Artenvielfalt

Dieser Bucheggberger Biologe warnt: «Nicht alles totspritzen»

In Hans Neerachers Garten spriesst das Unkraut. Es bietet wichtigen Lebensraum für Mensch und Tier.

In Hans Neerachers Garten spriesst das Unkraut. Es bietet wichtigen Lebensraum für Mensch und Tier.

Der Bucheggberger Biologe Hans Neeracher appelliert an Gartenbesitzer, mehr für die Biodiversität zu tun. Und er setzt sich für die spärlich gewordenen Hochstamm-Obstbäume ein. Aber eigentlich geht es ihm um viel mehr.

Wir treffen Hans Neeracher in seinem Garten in Kyburg-Buchegg. Es ist ein Ort voller Vielfalt. 27 verschiedene invasive Kräuter wachsen da unter dem mächtigen Nussbaum, dazu Erdbeeren, Brombeeren und Tomaten. Tatkräftig unterstützt wird der Biologe bei der Gartenpflege von einem Flüchtling aus Kurdistan, den er bei sich aufgenommen hat.

Ihr Garten bietet Lebensraum für diverse Arten. Im Bucheggberg aber sind viele Tiere nahezu verschwunden, etwa der Laubfrosch, die Gelbbauchunke oder die Kreuzkröte. Wie konnte es so weit kommen?

Hans Neeracher: Das Biotop für diese Tiere verschwindet allmählich. Den Balzruf des Laubfroschs zum Beispiel hört man kaum mehr. Er braucht Wassergräben sowie Bäume und Gebüsche zum Hinaufklettern. Im Limpachtal gab es bis vor der Melioration 1942 viele offene Abzugsgräben. Das war zusammen mit den nötigen Bäumen und Sträuchern ein ideales Biotop. Auch das Mühletal mit seinen alten Bewässerungsgräben war ein Lebensraum für Amphibien, etwa für die Ringelnatter.

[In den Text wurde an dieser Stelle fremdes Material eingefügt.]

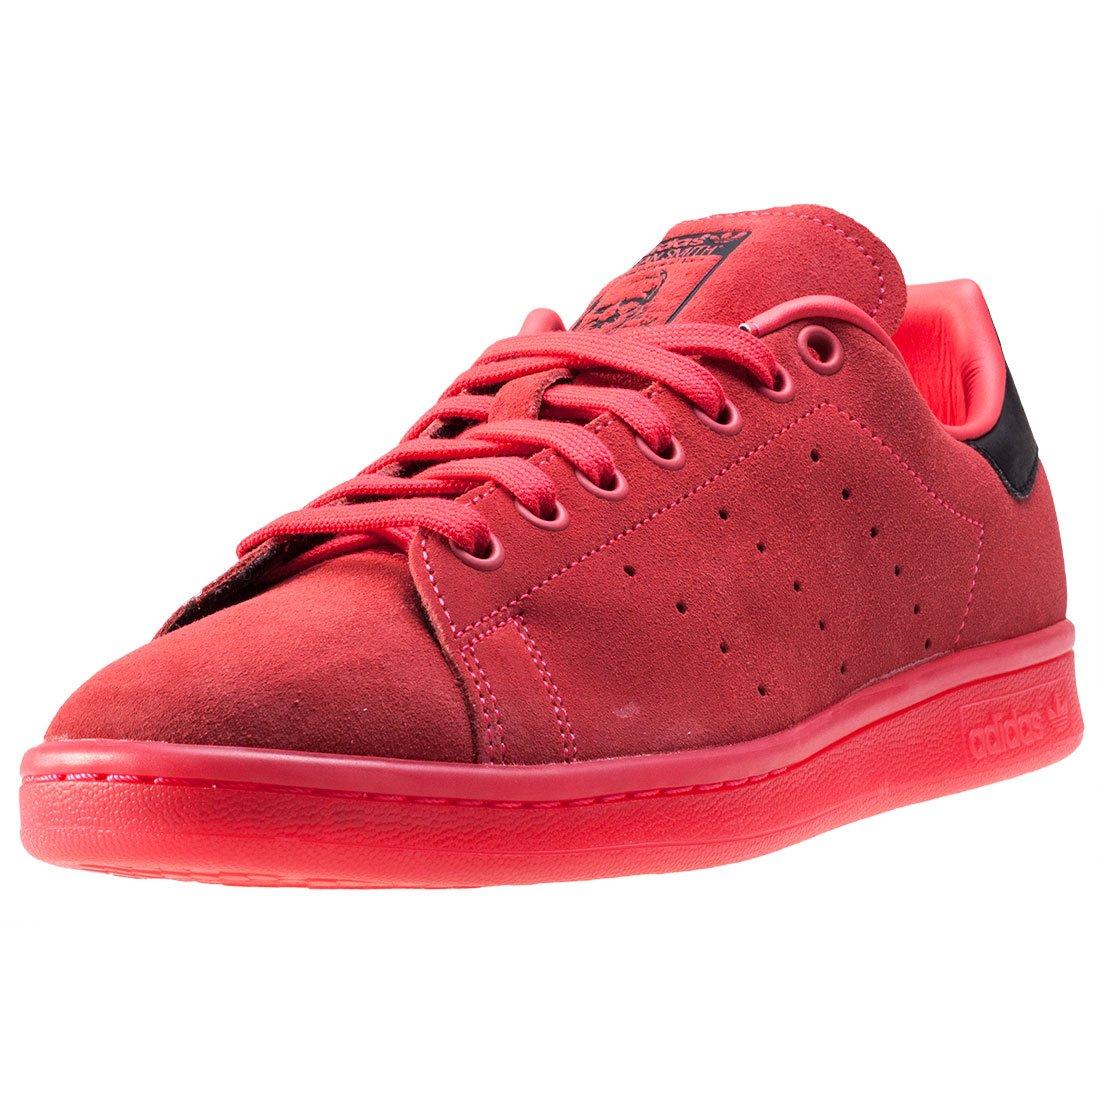 Adidas Stan Smith Uomo Formatori
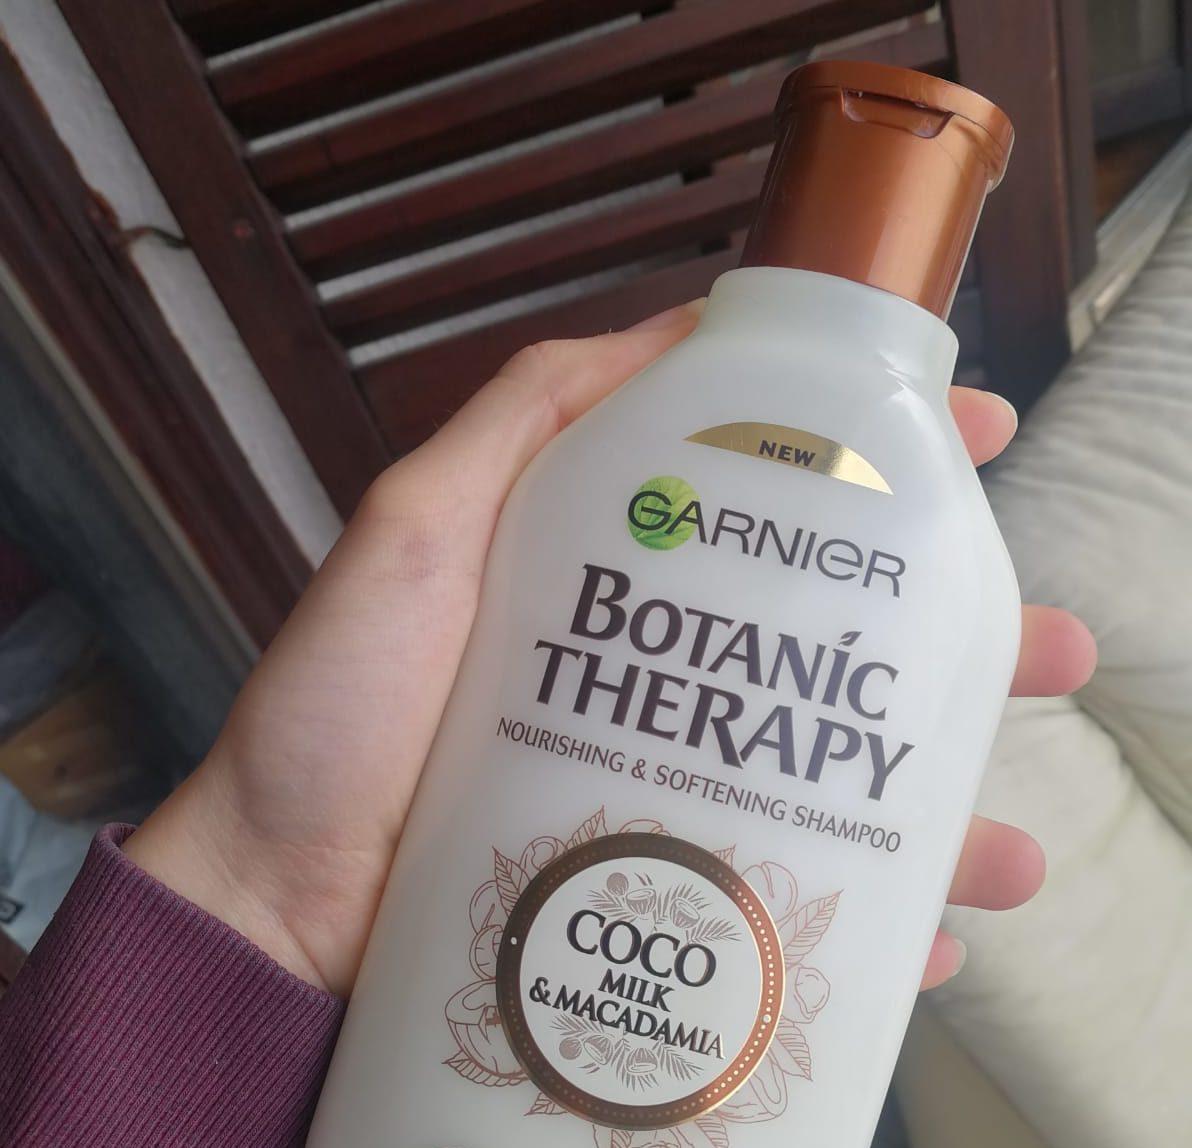 Garnier Botanic Therapy šampon recenzija

Auch der Gesang von Vögeln wie Wiedehopf, Wendehals oder Steinkauz ist verklungen.

Viele Tiere erfroren im harten Frost von 1963. Der Steinkauz verschwand zusammen mit den Hochstammanlagen. Das Roden von Obstbäumen wurde damals vom Bund finanziell unterstützt. So etwas ist heute kaum mehr vorstellbar.

Hochstammobstbäume sind schön anzusehen, aber ihre Anzahl ist stark zurückgegangen.

Hochstammanlagen sind vom Kosten-Nutzen-Denken her ein Hobby geworden. Sie sind sehr pflegeintensiv, man kann sie schlecht gegen Vögel oder mögliche Schädlinge schützen. Zudem ist das Ernten auf den oft brüchigen Ästen der Steinobstbäume gefährlich. Ich kenne zwei Personen, die deswegen im Rollstuhl sitzen. Doch diese Anlagen bieten einen idealen Lebensraum für selten gewordene Tiere. Für die Pflege der Hochstammbäume sollten Bauern angemessen entschädigt werden. Der Bund soll unterstützen, was schonungsvoll ist, und nicht falsche Anreize setzen.

Was steht mit der Artenvielfalt auf dem Spiel?

Es gibt einen materiellen und einen ideellen Aspekt. Jede Art verfügt über einen bestimmten Gen-Vorrat. Darin können Gene vorhanden sein, die gezielt eingepflanzt die Schädlingsresistenz von Kulturpflanzen verbessern können. Zudem würde der Einsatz von Pestiziden und Herbiziden unnötig. Was in mühsamer Züchtungsarbeit versucht wird, könnte in nächster Zukunft durch die Fortschritte der Gentechnik zum Erfolg führen.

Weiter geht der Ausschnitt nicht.